Alles van God
Genesis 1:22
„En God zegende ze, zeggende: Zijt vruchtbaar, en vermenigvuldigt, en vervult de wateren in de zeeën; en het gevogelte vermenigvuldige op de aarde!”
Ossen ploegen, paarden dragen en strijden, schapen geven wol, melk en kaas, dat is hun arbeid. Maar daarvan voeden zij zich niet. Maar de aarde brengt gras voort en voedt hen door Gods zegen, zoals Christus Zelf in Mattheüs 6 ons beveelt naar de vogelen te zien, die niet zaaien, oogsten noch inzamelen, en toch door God gevoed worden. Dat is: zij doen hun werk wel, maar zij doen geen enkel werk waardoor zij gevoed worden.

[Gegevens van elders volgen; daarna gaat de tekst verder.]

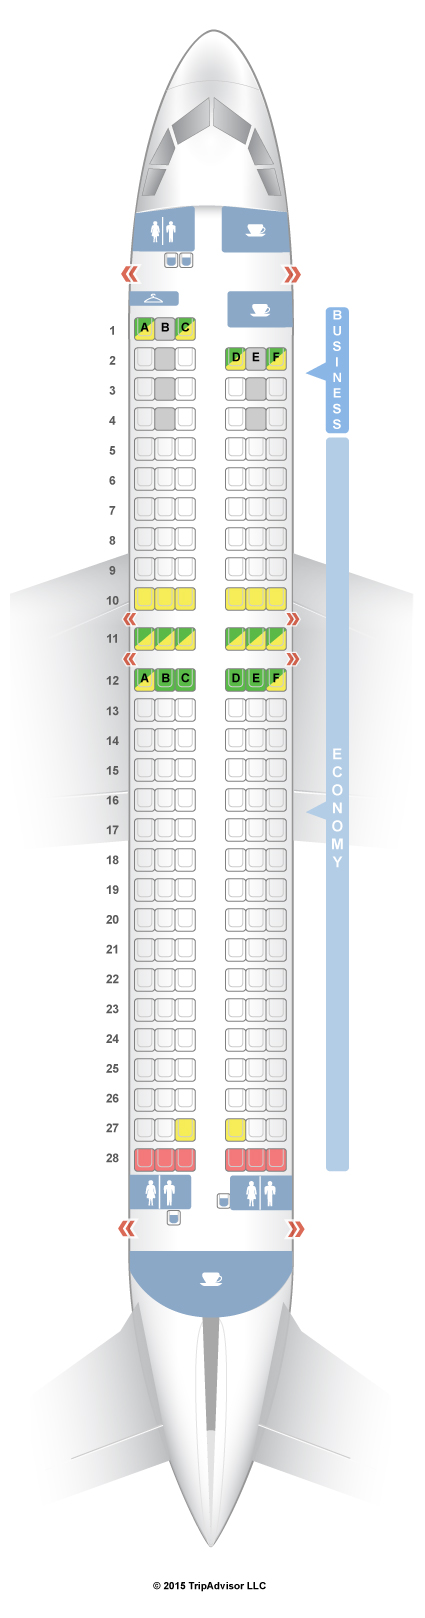 Airbus A320 Seat Map SeatGuru Seat Map Finnair

Zo zal en moet de mens ook arbeiden en iets doen, maar daarbij toch weten dat hij door de zegen van God door zijn arbeid gevoed wordt, ofschoon het hem toeschijnt alsof zijn arbeid hem voedt, omdat God hem, zonder zijn arbeid, niets geeft. Hoewel het vogeltje niet zaait noch oogst, zou het echter toch van honger moeten sterven, wanneer het niet uitvloog, om naar voedsel te zoeken. Dat het echter voedsel vindt, komt niet door zijn arbeid, maar door Gods goedheid. Want wie heeft zijn spijs daar gelegd, zodat het die vinden kan? Zonder twijfel God alleen, gelijk Hij spreekt: „Zie, Ik heb u allerlei zaad hebbend kruid gegeven, u en alle dieren tot spijs.”
Kortom, al zou de Schrift zulks ook niet leren, dan bewijst de ervaring het toch; want waar God niets neerlegt, daar vindt niemand iets, al moest ook iedereen tot zijn dood toe arbeiden en zoeken.